DOI: 10.1186/1476-7120-5-22

Received: 22 April 2007

Accepted: 16 June 2007

Published: 16 June 2007

Abstract

Background

Coronary flow reserve (CFR) recording by means of transthoracic echocardiography (TTDE) in all the main distal coronary arteries is a challenge for advanced echocardiography. Validation studies of TTDE versus Doppler-wire (DW) recordings are available for Left Anterior Descending artery (LAD) and the Posterior Descending coronary artery (PD), but lacking for the more technically challenging Left Circumflex coronary artery (LCx).

Aim

To evaluate the reliability of TTDE in assessing CFR in LCx when compared to the intracoronary Doppler flow-wire gold standard.

Methods

we evaluated 5 patients (age = 60 ± 9 years, 5 males) on LCx by TTDE and invasive CFR assessment. TTDE recording was performed using a low-frequency probe, with a four-chamber as a guiding 2D view. The 2 tests were performed on different days and in random order within 48 hours in a blind fashion.
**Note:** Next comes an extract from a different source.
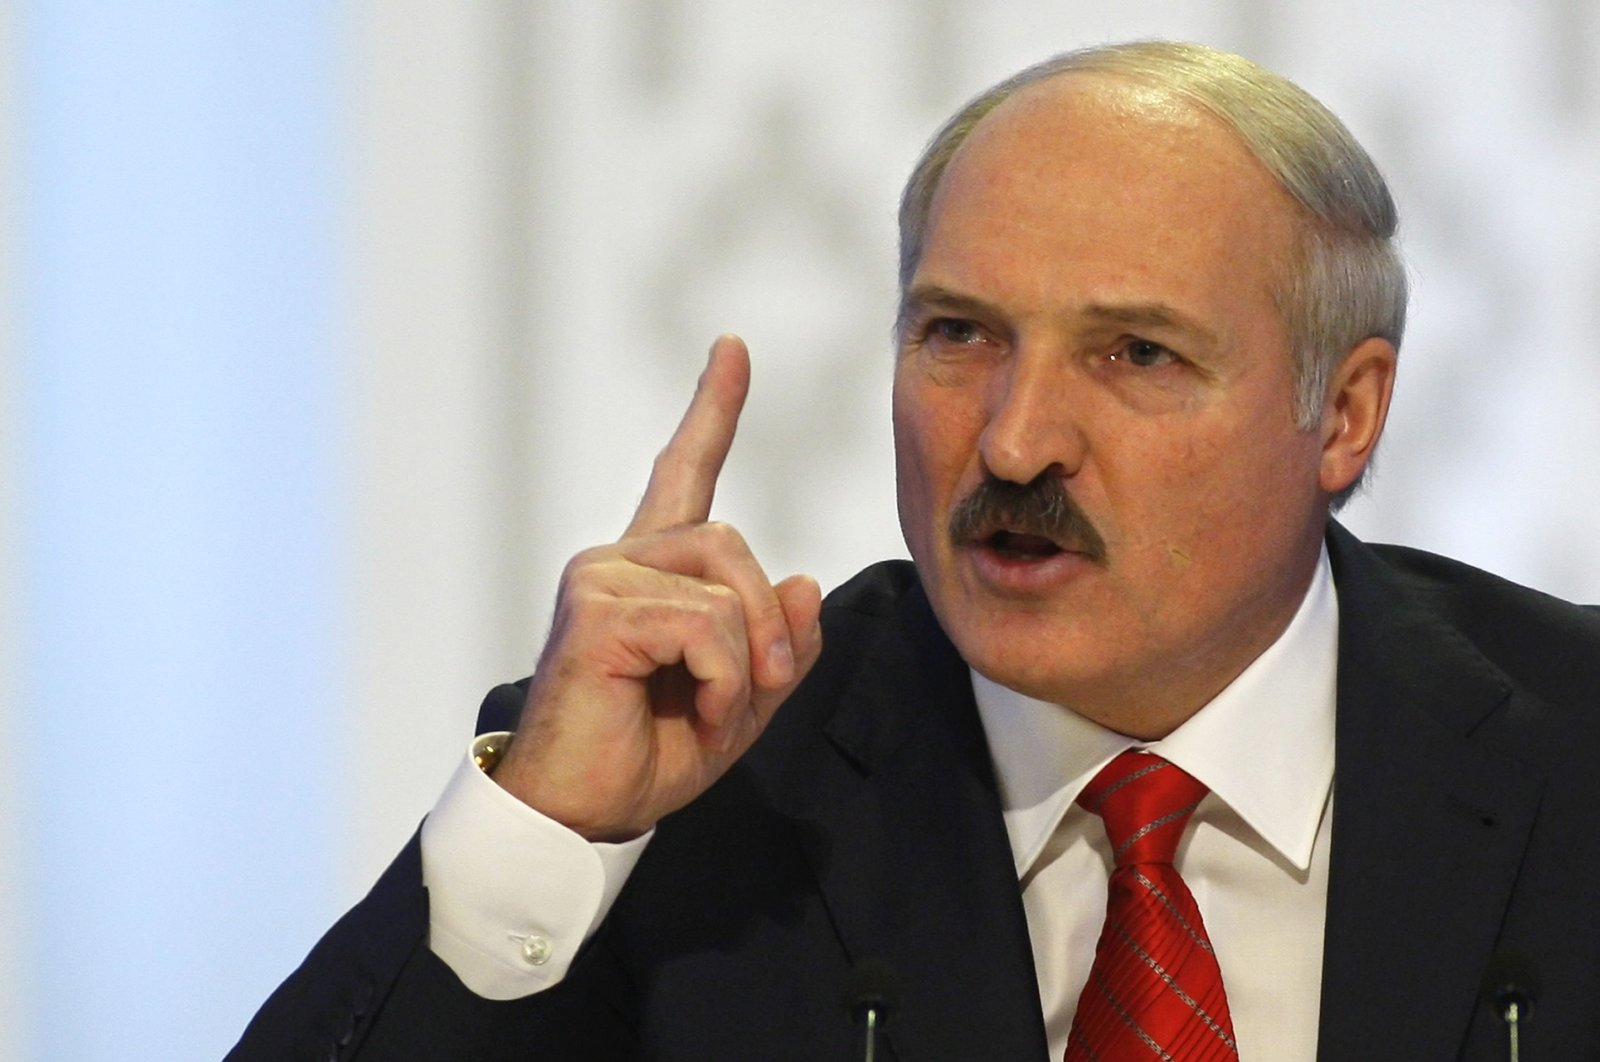 Belarusian President Alexander Lukashenko gestures prior to a news conference in the capital, Minsk, Belarus, Dec. 20, 2010. (AP Photo)

Vasodilator stimulus was adenosine, intravenously (140 γ/kg/min × 3–6 min) for TTDE and intracoronary (40 γ bolus) for DW recordings.

Results

CFR values on LCx ranged from 1.9 to 2.8 for DW, and from 2.0 to 3.0 for TTDE, with an overall correlation of R = 0,85 (p = 0,06); normal (CFR > 2.5) or abnormal (CFR < 2.5) value was concordantly identified by the 2 techniques in 4 out 5 cases (80%).

Conclusion

CFR of LCx artery can be obtained noninvasively with TTDE.

Background

Coronary flow reserve (CFR) recording by means of transthoracic echocardiography (TTDE) in all the main distal coronary arteries is a challenge for advanced echocardiography. Clinical implications of such a possibility are involving an improved indication for invasive exams and for revascularisation, the evaluation of coronary flow after revascularisation, the new generation of stress-echo testing (CFR plus wall motion) and the non-invasive follow-up of patients [18].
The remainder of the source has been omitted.